§ Activity:
With pictures omitted, restate the data word for word.

§ Given material:
----------------------------------------

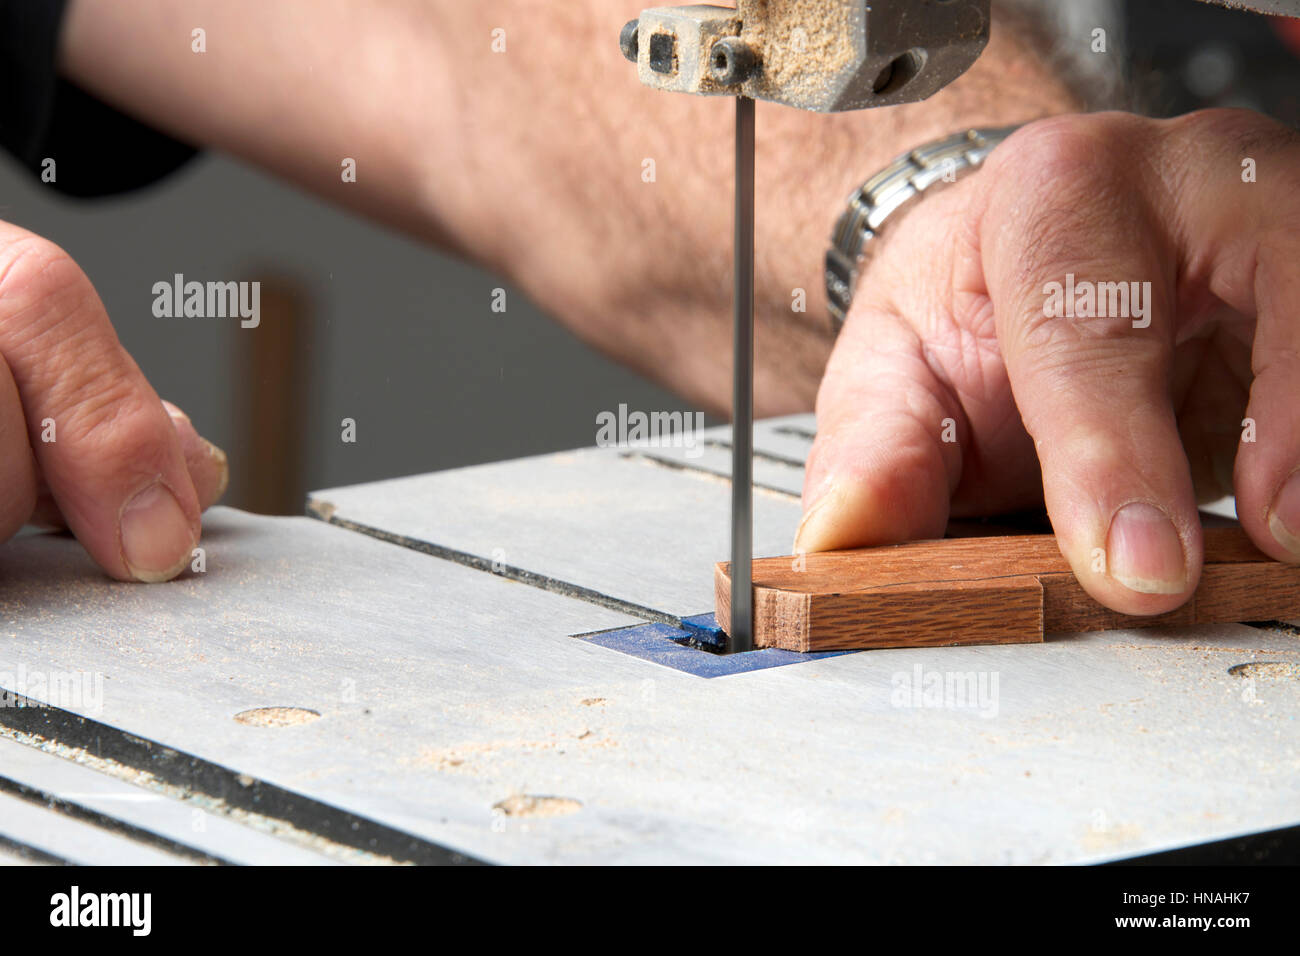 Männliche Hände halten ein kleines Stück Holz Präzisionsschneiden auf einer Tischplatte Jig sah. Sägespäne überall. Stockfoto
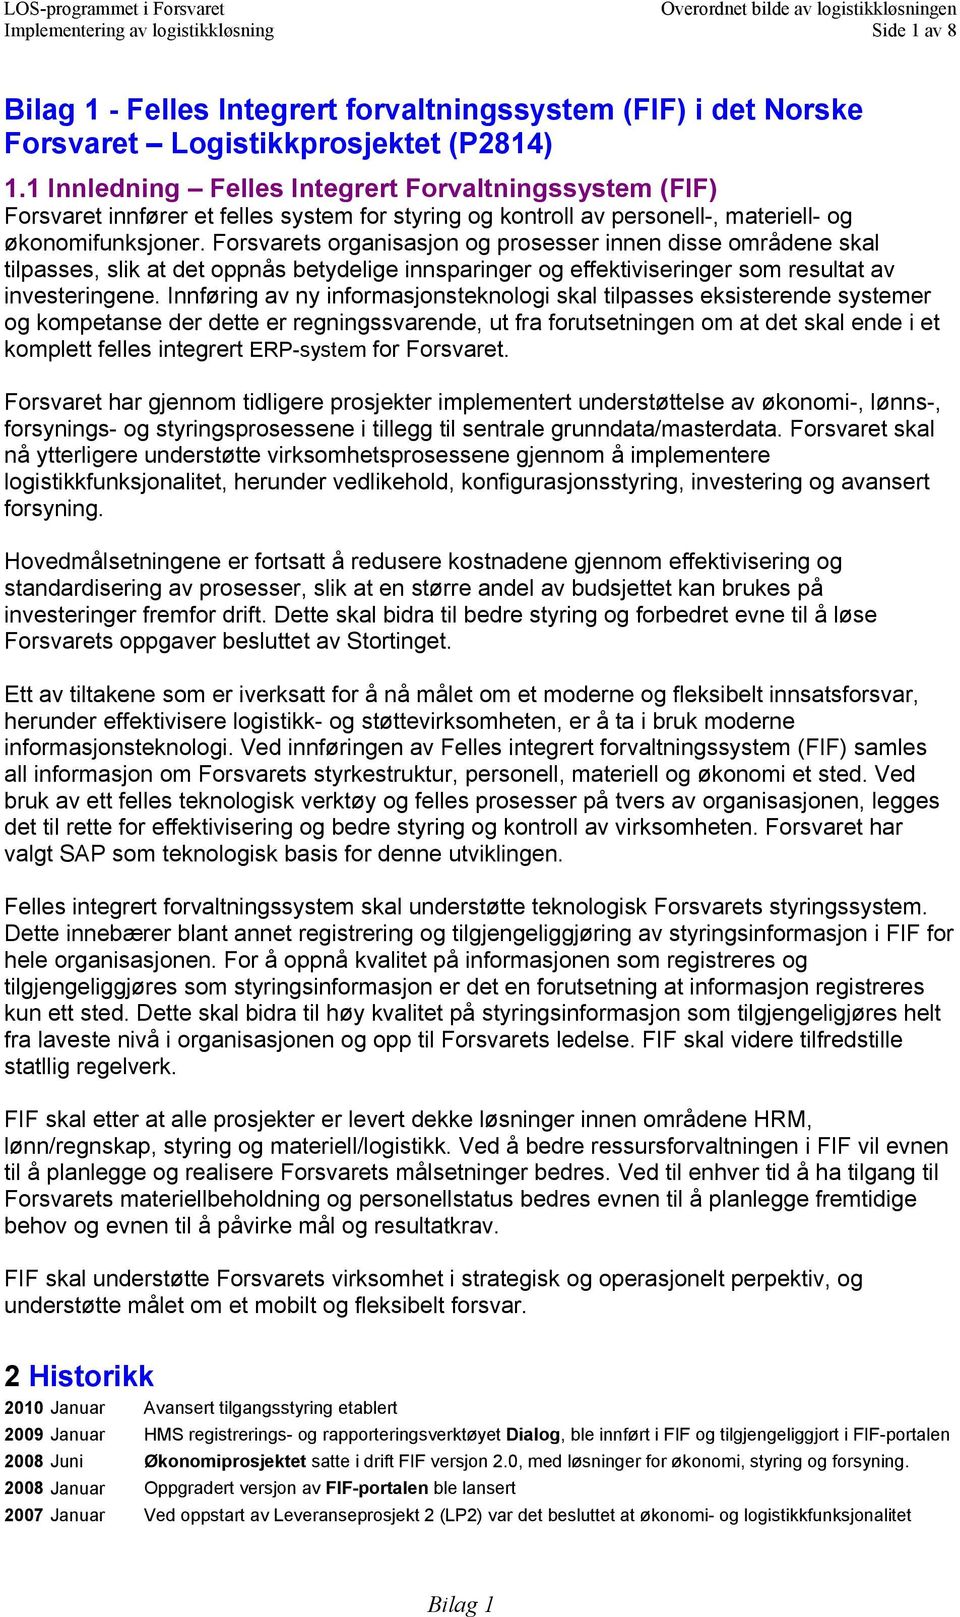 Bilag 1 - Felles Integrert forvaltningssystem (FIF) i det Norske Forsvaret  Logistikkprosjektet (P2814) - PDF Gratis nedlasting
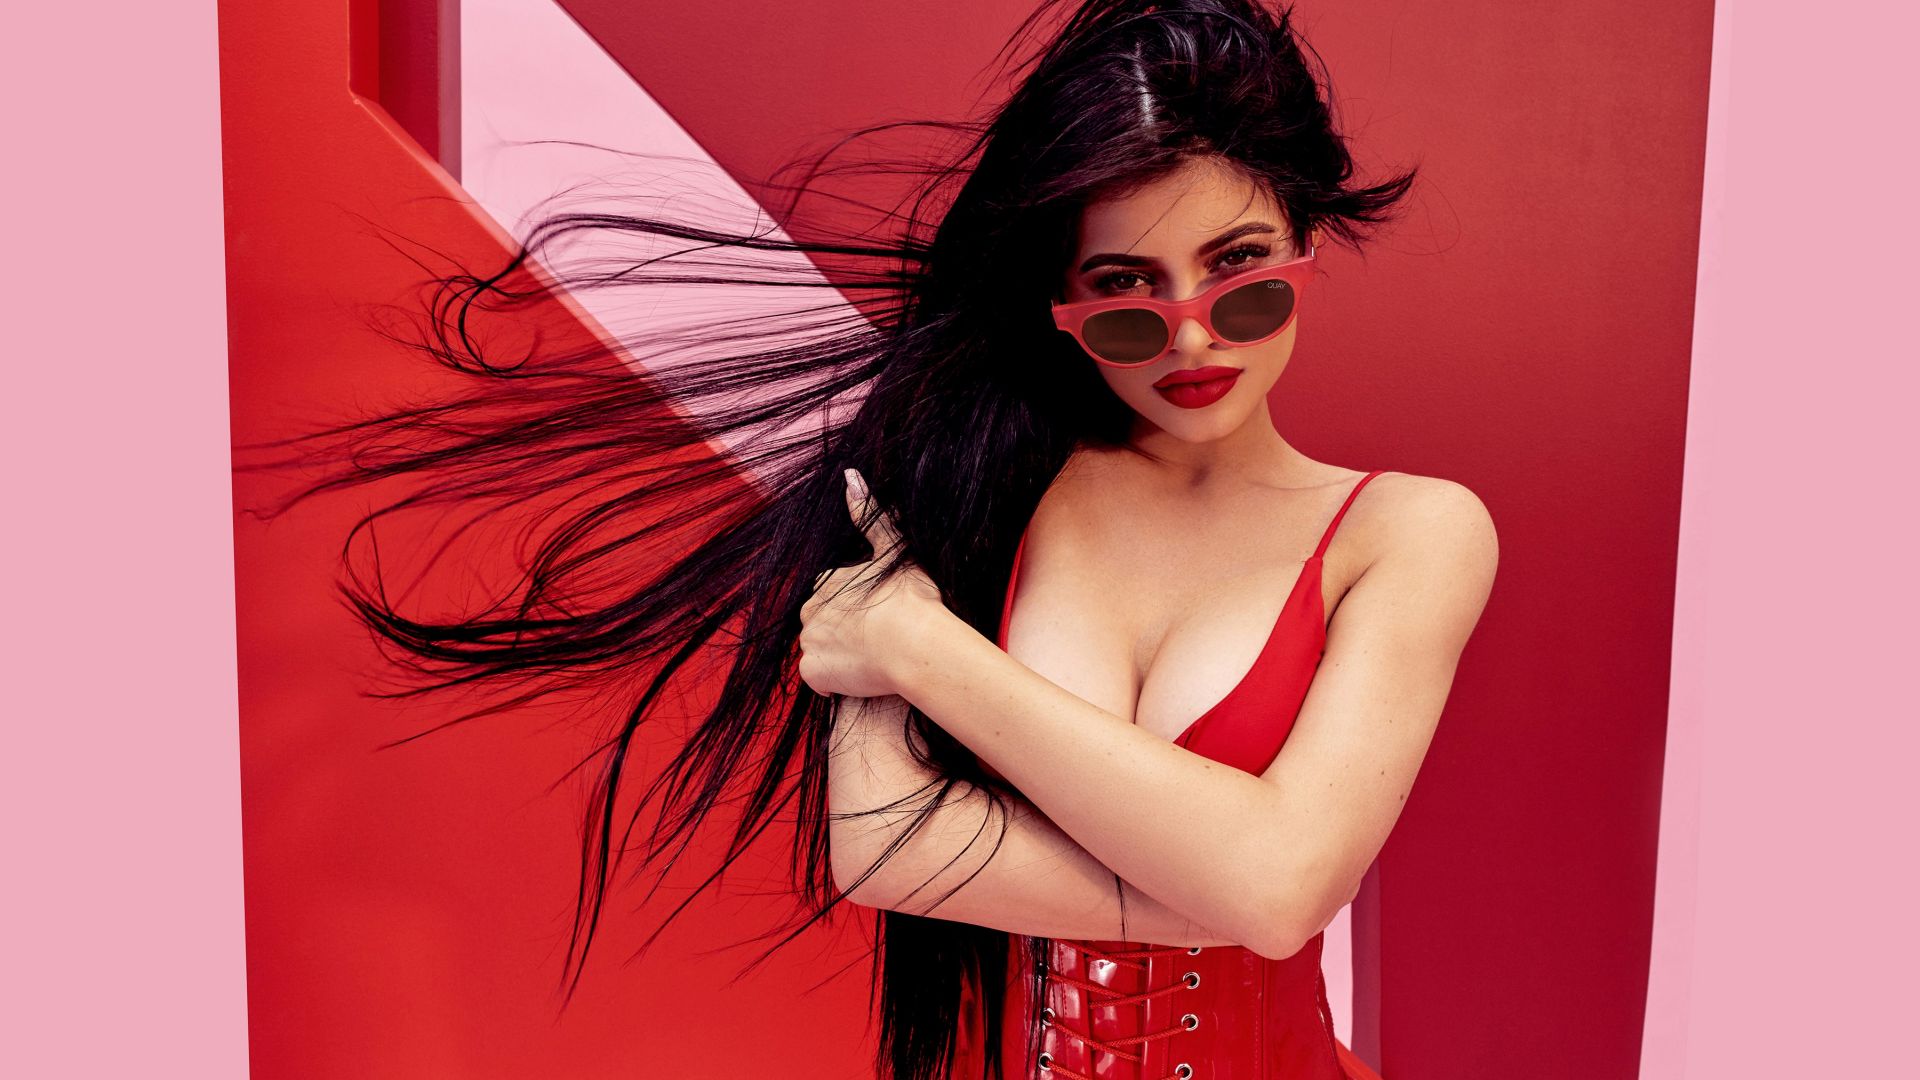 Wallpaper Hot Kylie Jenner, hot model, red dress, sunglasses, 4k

----------------------------------------

§ Task answer:
 Männliche Hände halten ein kleines Stück Holz Präzisionsschneiden auf einer Tischplatte Jig sah. Sägespäne überall. Stockfoto
 Bilag 1 - Felles Integrert forvaltningssystem (FIF) i det Norske Forsvaret  Logistikkprosjektet (P2814) - PDF Gratis nedlasting
 Wallpaper Hot Kylie Jenner, hot model, red dress, sunglasses, 4k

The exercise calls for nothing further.